2025年10月に迎えたWindows 10 EOS(サポート終了)に伴うWindows 11搭載PCへのリプレース需要が大きく伸び、MM総研の調査によると2025年度の国内PC出荷台数は過去最大を記録したという。その直後となる今年は、特需の反動としてPCの需要が大きく減少することを、これまでのEOSの経験から理解している。しかし法人市場においては、その落ち込みは想定よりも緩やかな印象がある。需要を下支えしているのはデジタルトランスフォーメーション(DX)とAIの二つの要素だろう。特にAIは人手不足や人材不足を補う唯一の手段と理解されており、業種や規模を問わず企業や組織においてAIの活用が必須の状況となっている。そのAIの活用に欠かせないのがAI PCだ。法人向けではすでにAI PCの普及が進んでいるが、一方で目を見張る加速感は感じられない。しかしAI PCの普及を加速させるニュースが報じられた。4月16日にインテルがAI PC向けプロセッサーの新製品を発表したのだ。この新しいプロセッサーは法人市場におけるAI PC普及の起爆剤になりそうだ。

EOS終了後もAIが需要を喚起
国内法人向けPC市場は成長軌道

 MM総研の調査によると2025年度(2025年4月〜2026年3月)の国内PC出荷台数は過去最大となる前年度比32.6%増の1,805.9万台を記録した。その中で法人向けは前年度比33.6%増の1,349.1万台を占める。いずれの前年度比で30%以上の大幅な増加となっているが、前年度の出荷台数も大きい。

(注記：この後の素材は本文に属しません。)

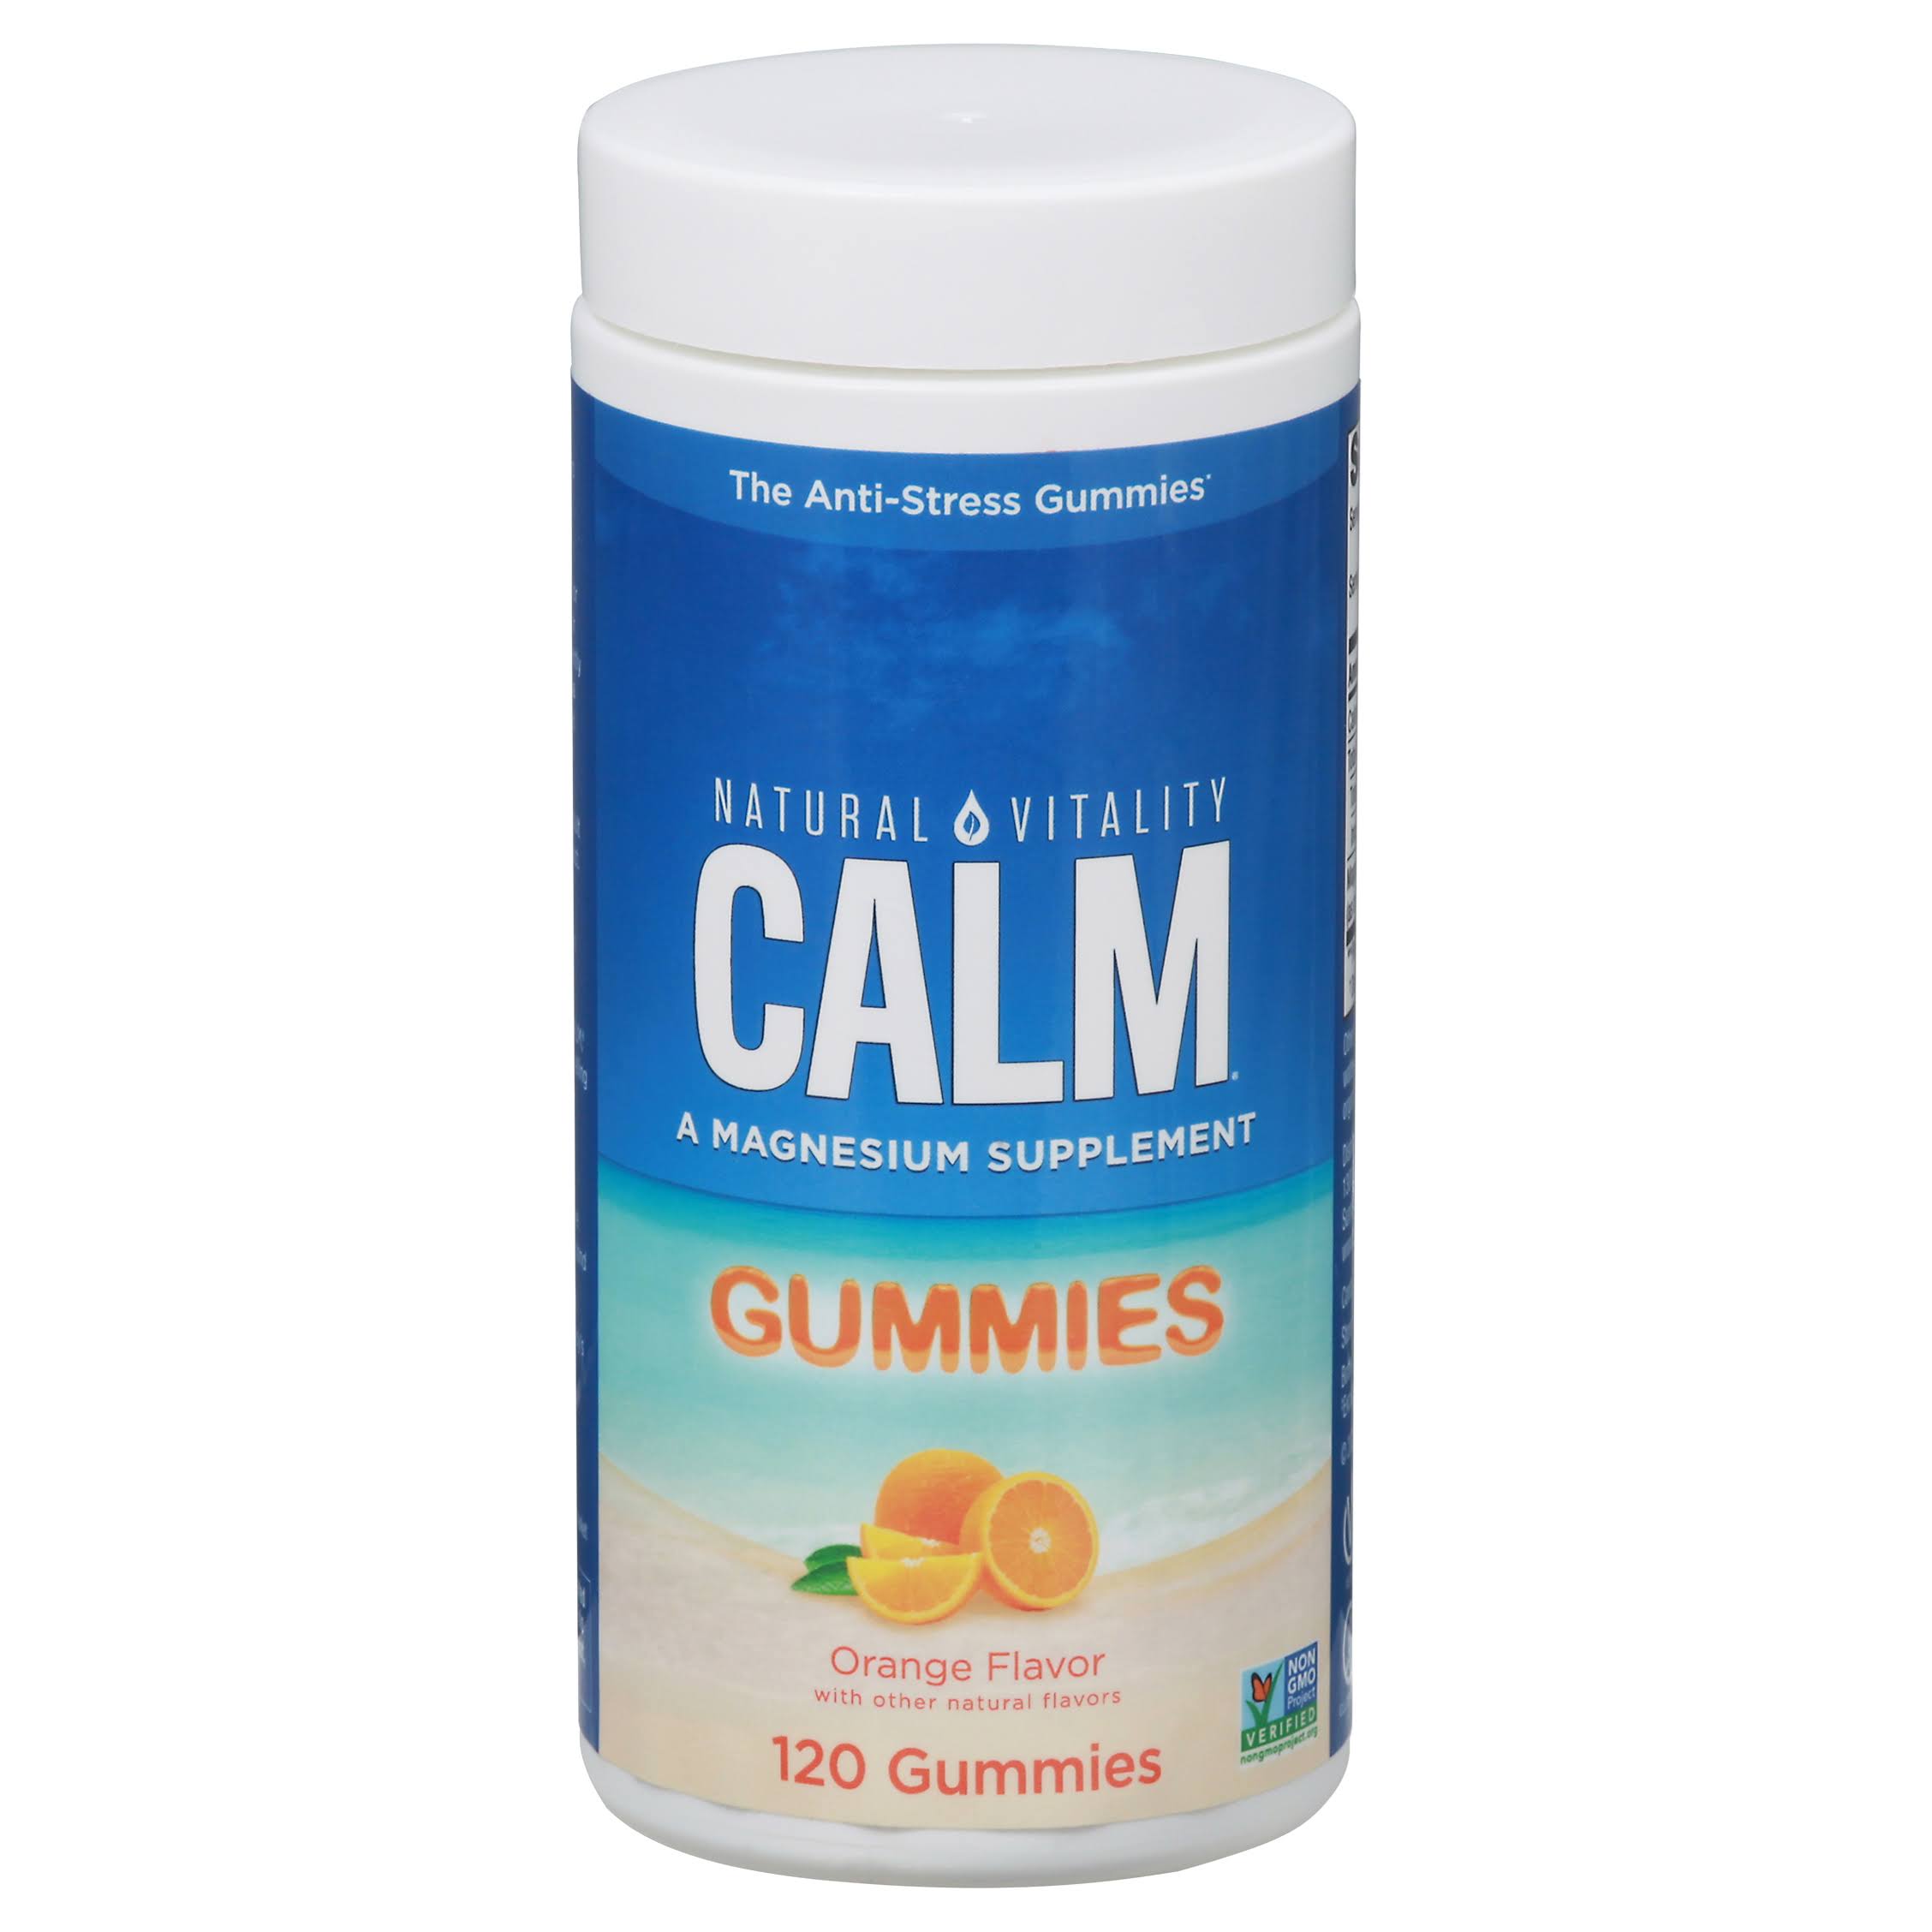 Natural Vitality Calm Gummies Orange Flavor - 120 Gummies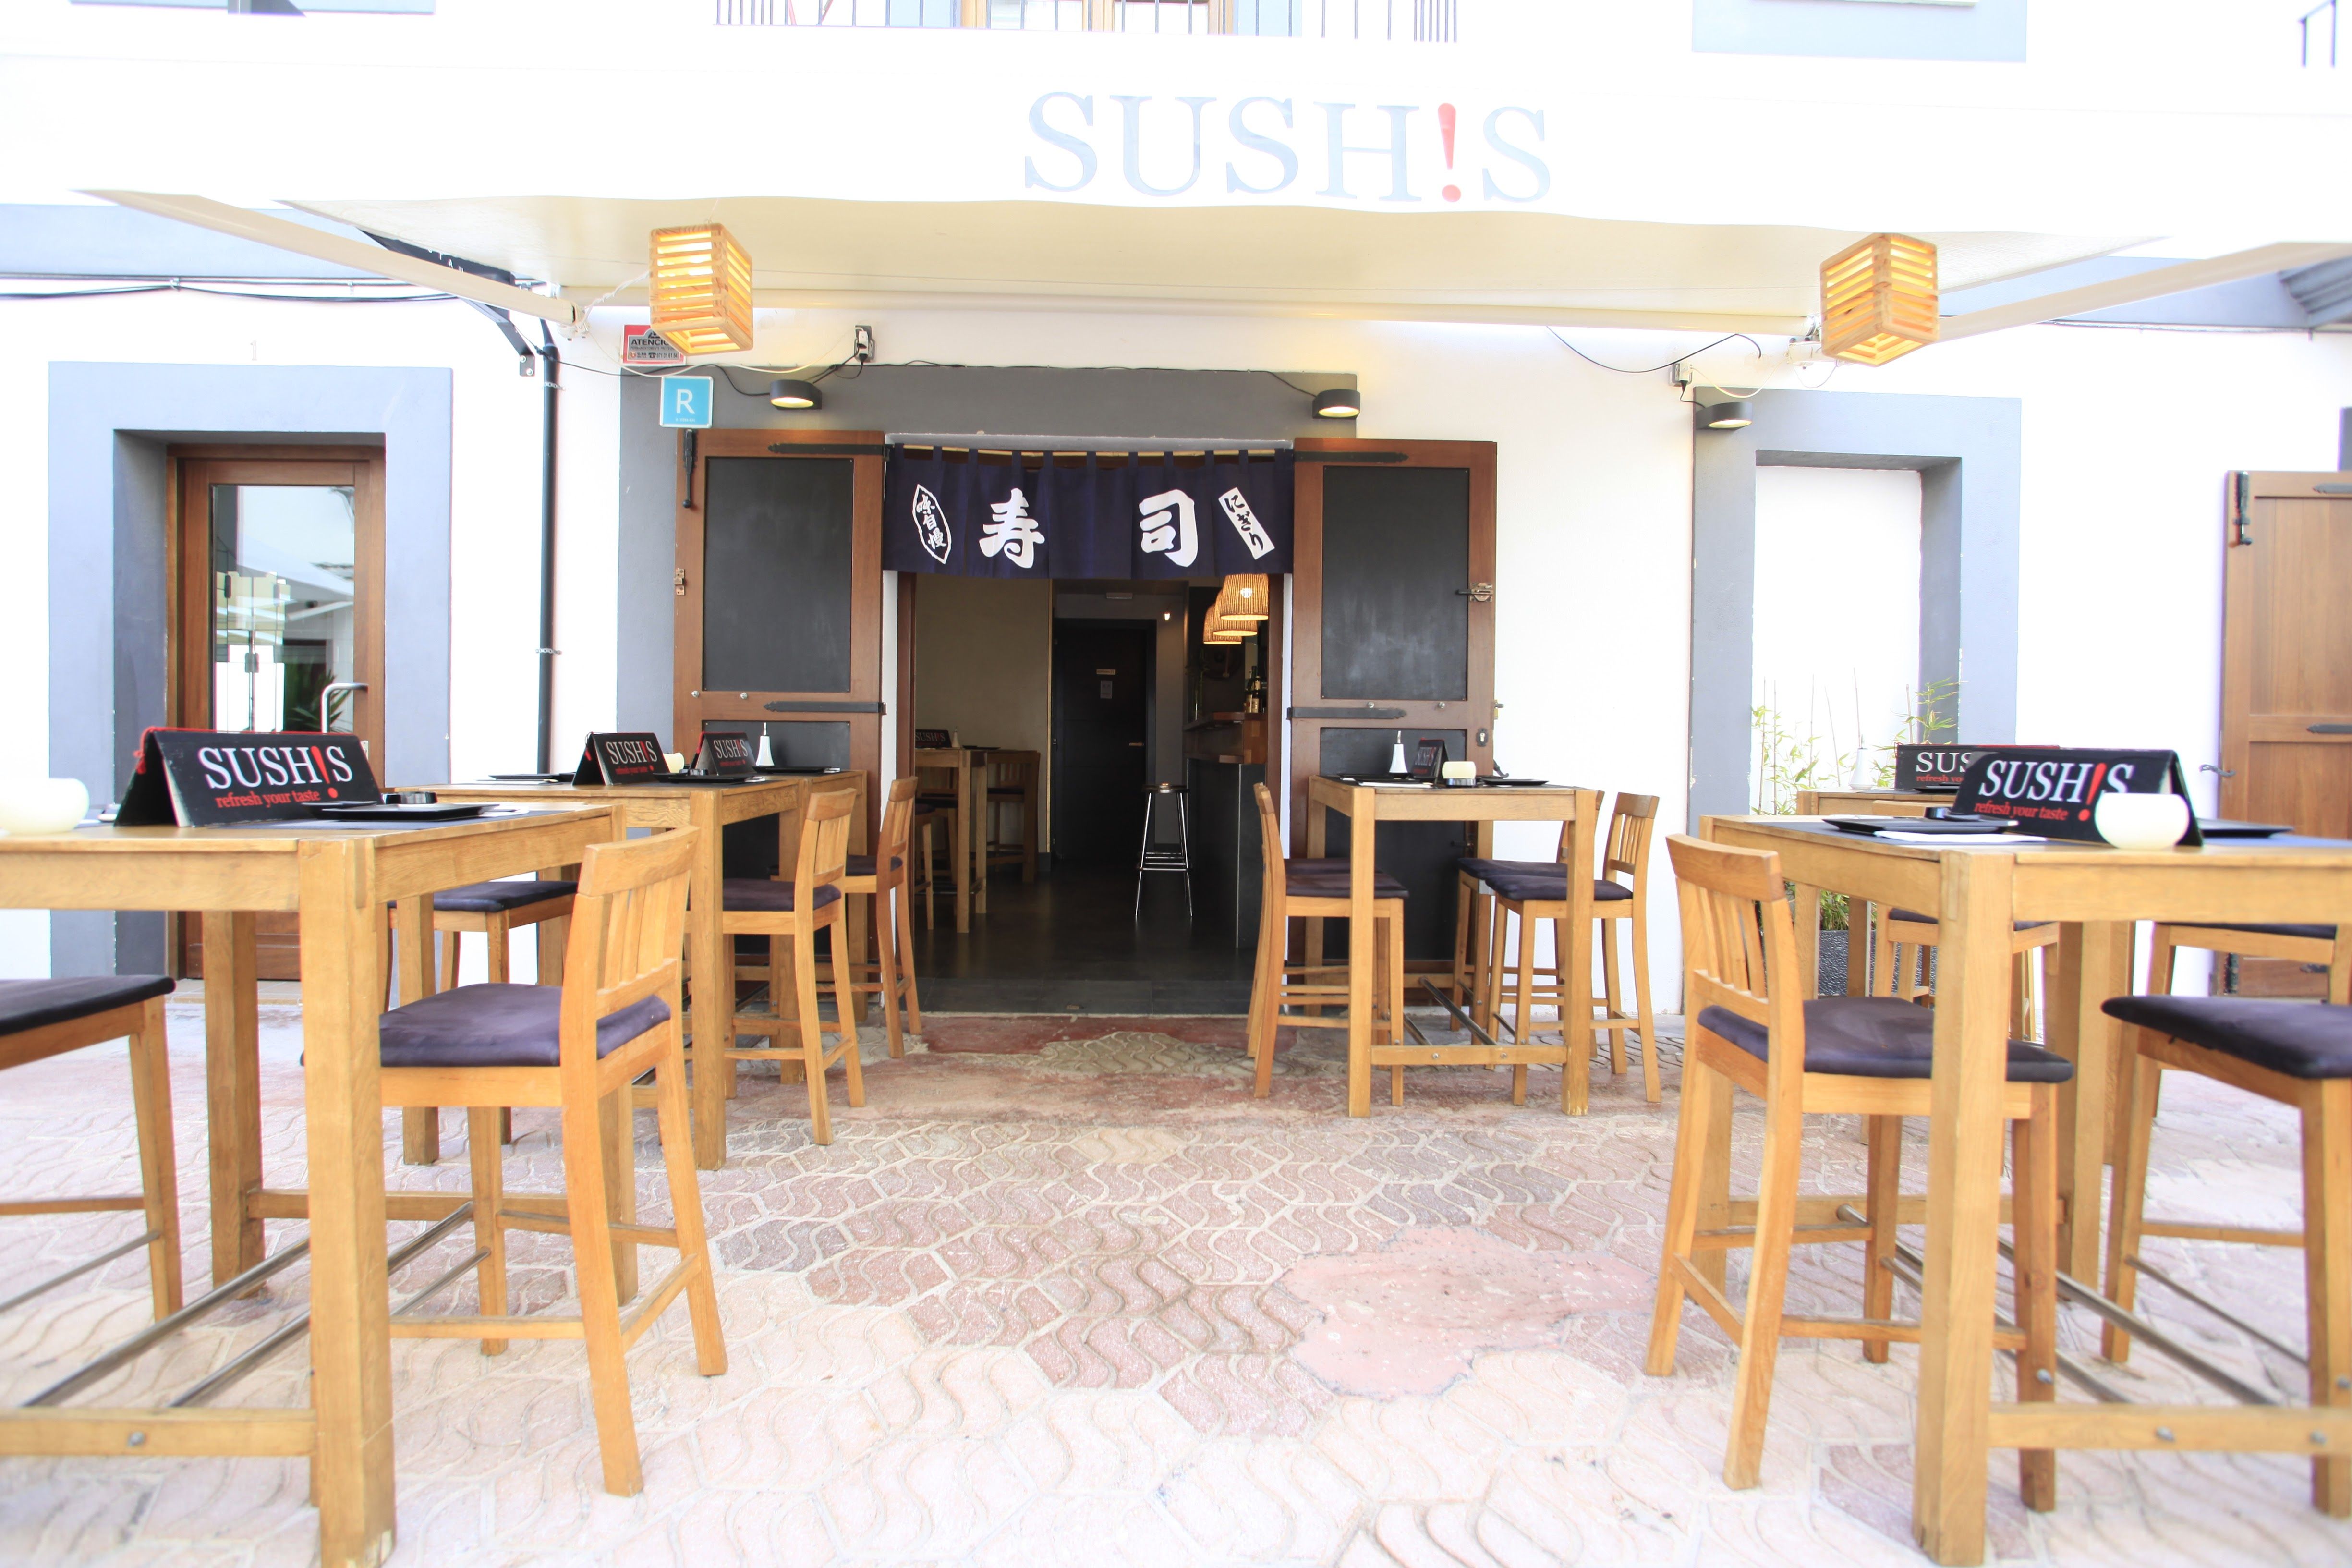 Foto 22 de Cocina japonesa en Ibiza | Sushis Ibiza

 2024年度(2024年4月〜2025年3月)の国内PC出荷台数は前年度比約26%増の1,361.7万台で、そのうち法人向けが前年度比約36%増の1,009.9万台だった。数字が続いてしまうが、さらにその前年度の2023年度(2023年4月〜2024年3月)は全体で1,079.5万台、法人向けは740.2万台だった。こちらもMM総研の調査となる。

 さらにMM総研は2026年度の国内PC出荷台数について全体で1,123万台、法人向けが807万台になると予測している。この予測では2025年度比で全体が37.8%減、法人向けが40.2%減という、大幅に需要が縮小することを示している。この予測に悲観しかないのだろうか。

 2023年度当時、企業でDX推進が加速し、またWindows 10 EOSに向けたリプレース需要が伸びていた。2023年度の国内PC出荷台数は全体で1,079.5万台であったのに対して、2026年度は需要が大幅に縮小した結果、全体で1,123万台と予測されており、法人向けも807万台(2023年度は740.2万台)の予測である。市場規模は確実に底上げされていると言えまいか。

 ただしMM総研は2026年度の出荷台数減少について「2025年末ごろからのメモリーなどのパーツ価格高騰に伴うPC価格上昇への懸念」や「今後も新製品を中心に断続的な値上げが予想され、価格は前年度比20%超の上昇となる公算が高い」など、価格に関する需要への影響を指摘している。

 つまりEOSによって需要が先取りされ、特需後に落ち込むという影響はあるにしても、DX推進やAI活用の進展によって法人市場のPC需要は底堅い。しかしPCの価格が高騰しているため、本来の需要が実績につながっていない部分もあるとみることもできる。

 インテルが日本を含む全23の国と地域に在住の5,050名のビジネスパーソンを対象に2025年5月に実施した「AI PCグローバルレポート」によると、AI PCへの理解度について、日本は52%が「よく理解している」もしくは「理解している」と回答した。

 またAI PC導入の障壁について日本は「初期コスト」と「運用」がいずれも44%で最も高い障壁だと回答している。一方で77%がAI PCの導入に向けて追加投資を許容しており、65%が「AI PCへの移行を決めている」もしくは「AI PCの導入を計画している」と回答している。

AI PCは欲しいけど
高くて手が出せない

 このように国内法人市場ではEOS直後の現在、出荷台数の落ち込みはあるもののAI活用やDX推進を文脈にPCの需要は着実に底上げされており、特にAIの普及と活用の拡大がPC、中でもAI PCの成長に寄与すると考えられる。

 AI PCという名称の通り、AI活用に適したPCであることは誰もが理解できよう。その名称のおかげもあり、AI活用とAI PCが連動して導入の検討に挙げられる。しかしAIへの関心が高まり、実際の活用が進む中で、AI PCの成長に目を見張る加速感が感じられない。それは、なぜか。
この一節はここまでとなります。